INQUIMAE   12526
INSTITUTO DE QUIMICA, FISICA DE LOS MATERIALES, MEDIOAMBIENTE Y ENERGIA
Unidad Ejecutora - UE
congresos y reuniones científicas
Título:
All-atom simulation of the folding and binding of an intrinsically disordered protein
Autor/es:
ITHURALDE, RAÚL ESTEBAN; ROITBERG, ADRIÁN; TURJANSKI, ADRIÁN
Lugar:
Denver
Reunión:
Congreso; 249th American Chemical Society National Meeting & Exposition; 2015
Institución organizadora:
American Chemical Society
Resumen:
Intrinsically Disordered Proteins (IDPs) comprise a wide set of proteins or protein domains that lack a definite secondary structure in solution and sample many different configurations. IDPs may acquire some structure when bound to their partners and thus the binding process needs the folding of the protein, that could follow a conformational selection mechanism, an induced fit one or a combination of both. c-Myb is a transcription factor involved in the regulation of hemapoietic cells life cycle. The TAD region of c-Myb is intrinsically disordered (retains approximately of 30% of helicity in solution) and folds upon binding to the KIX domain of CBP[1] The NMR structure of the complex has been solved showing that cMyb forms an α-helix structure, with a kink in Leu302, which allows this residue to be deeply buried in a hydrophobic groove between KIX α1 and α3[4] Kinetic studies of cMyb - KIX binding are consistent with a two-state, one step process, with no accumulation of intermediates. [1,2]. The association process has an apparent activation energy of approximately 11 kcal/mol.
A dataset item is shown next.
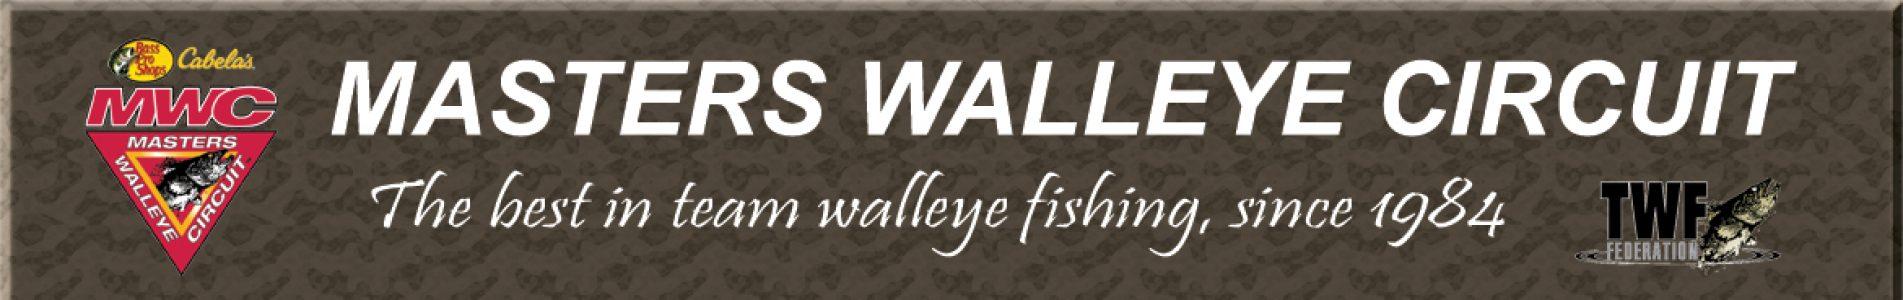 Masters Walleye Circuit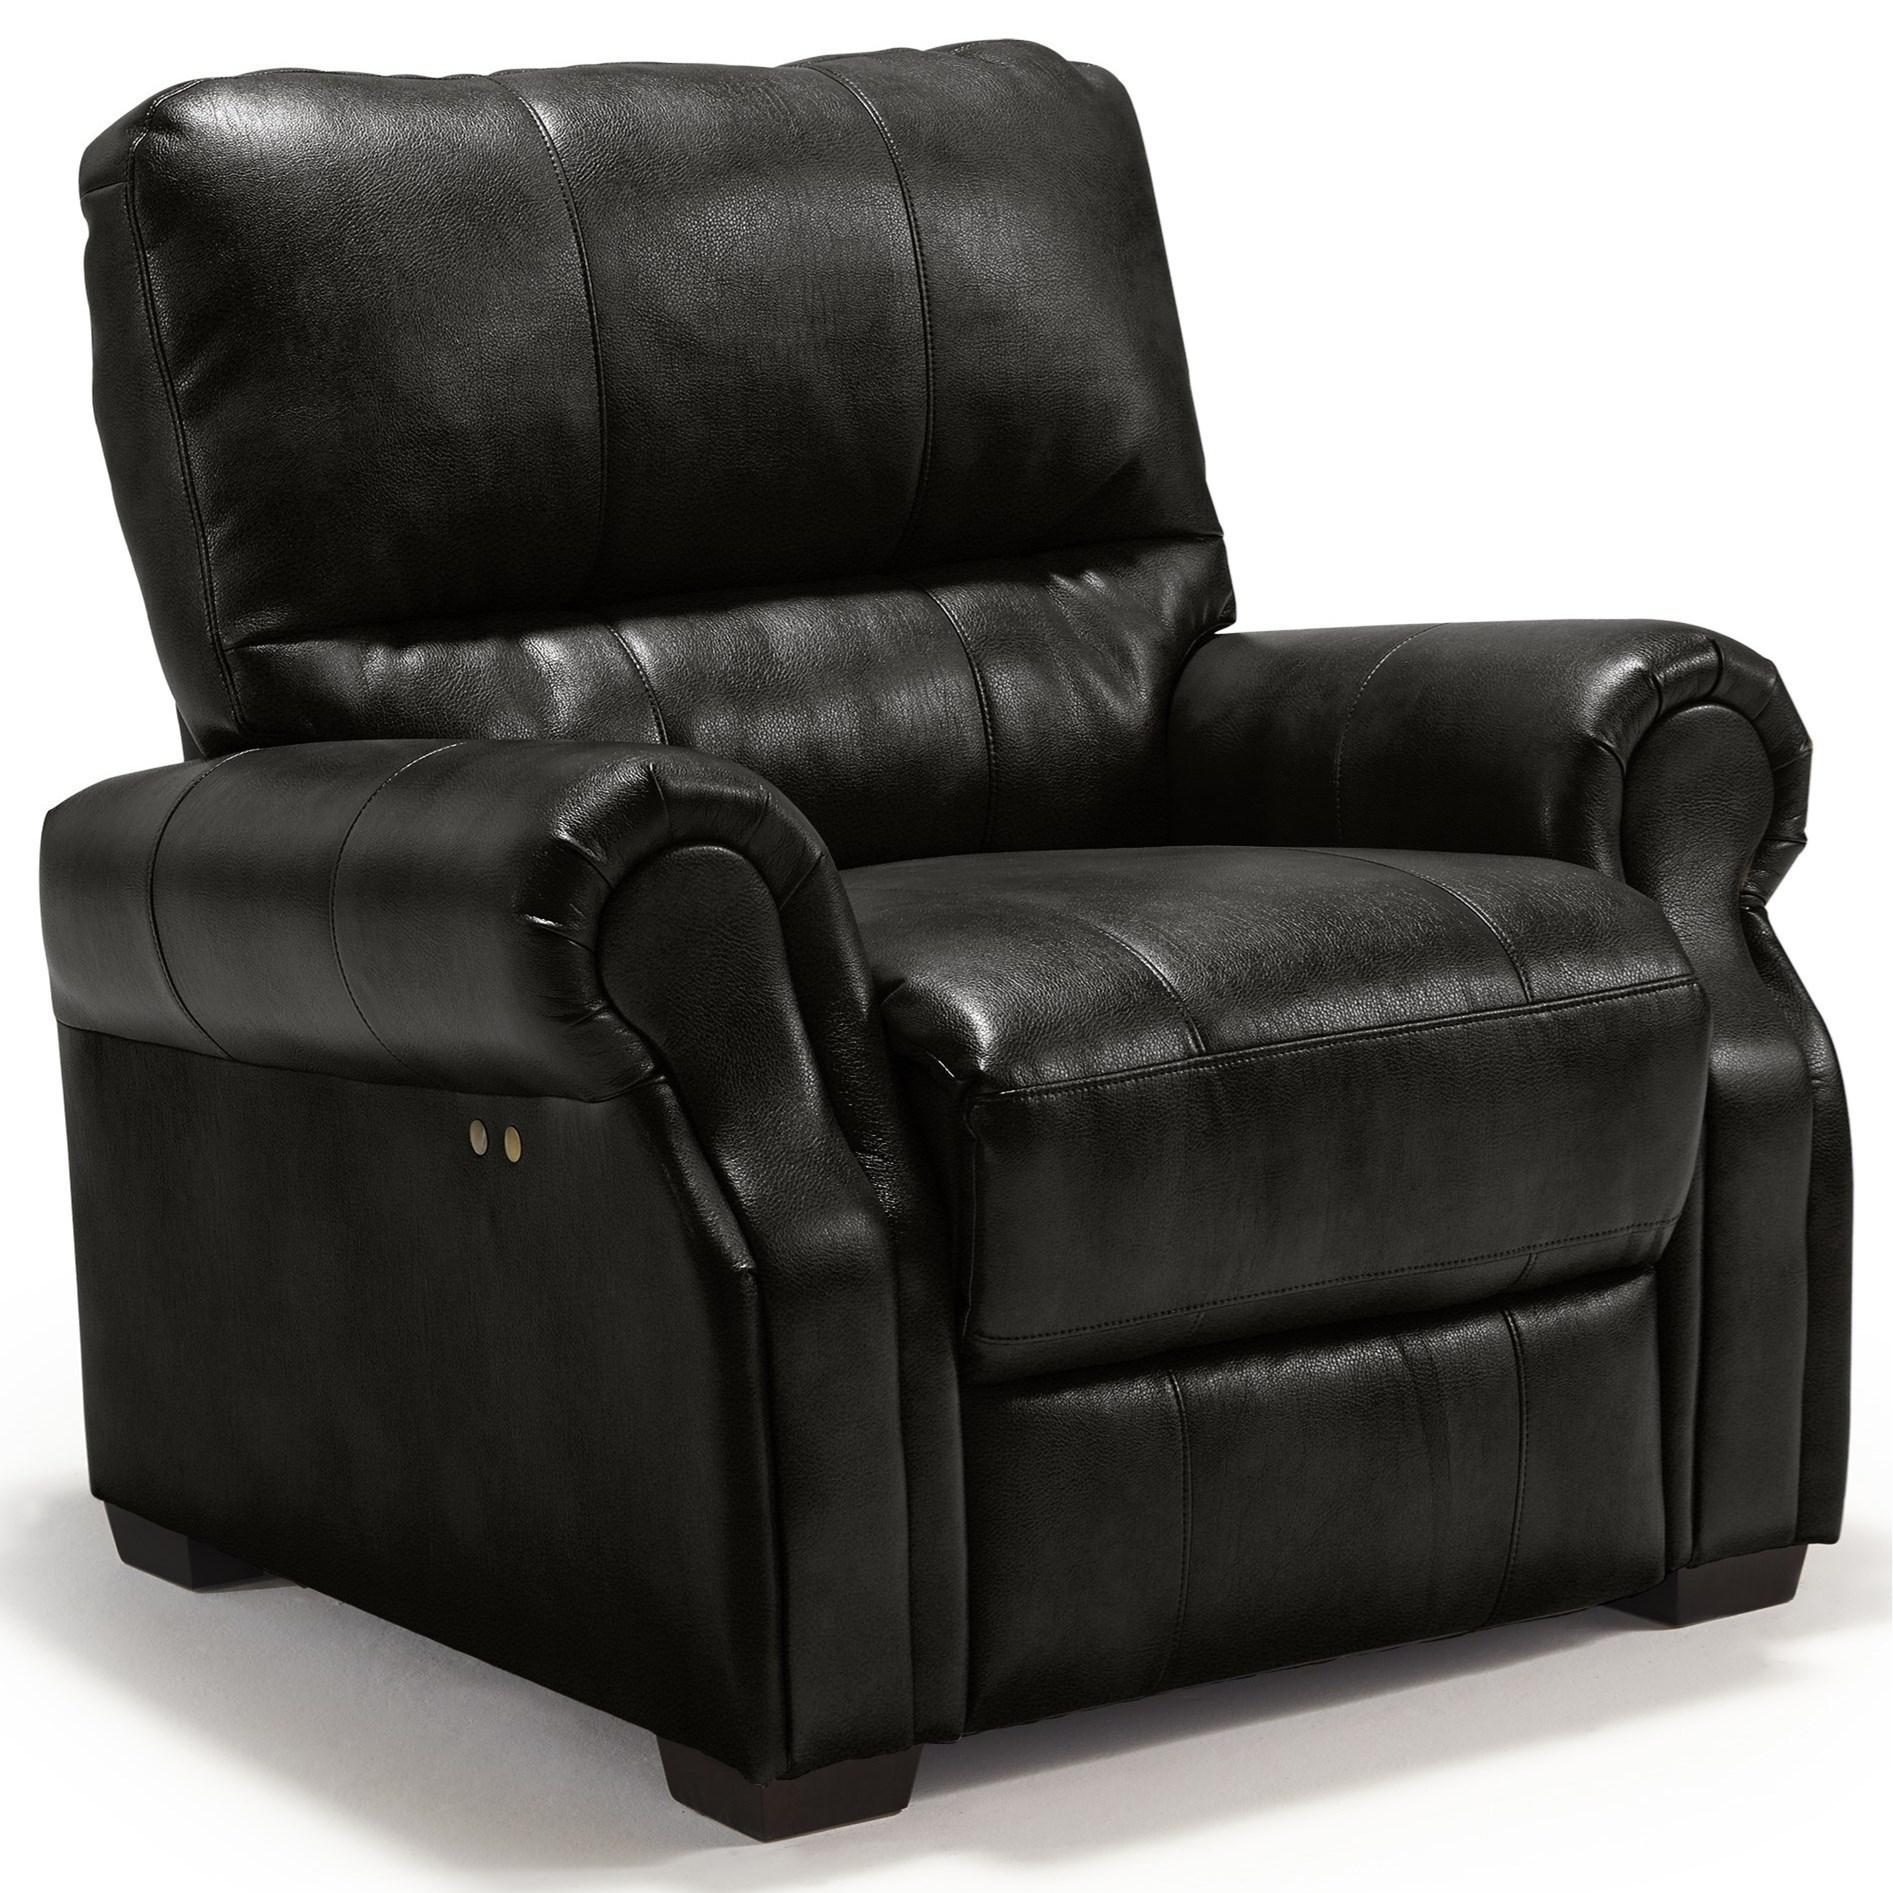 Best Home Furnishings Damien Power High Leg Recliner - Item Number: 2003483532-24623AU

Previous experimental Phi value analysis was done on TAD-c-Myb and the results are consistent with a quite ordered transition state, in contradiction with other studies that show that prefolding of c-Myb does not increase kon [2,3]. We performed all atom biased molecular dynamics simulations running a total of 16us in implicit solvent. Our results show that c-Myb folds incredibly fast upon binding to KIX and that pre-folded configurations of c-Myb can also bind with a similar activation barrier. The transition state has a broad configuration, with helicity going from 30% to 70%. The calculated activation energies agree with fluorescence experiments [1]. We show that the fast folding upon binding of the unstructured c-Myb preclude previous fluorescent experiments to differentiate between mechanisms. Both all atom and Go-type simulations show similar results, indicating that folding upon binding follows a native contact mechanism similarly to previous folding simulations of globular protein[5] To the best of our knowledge this is the first work to provide an atomistic understanding of the free energy surface of the binding process of IDPs.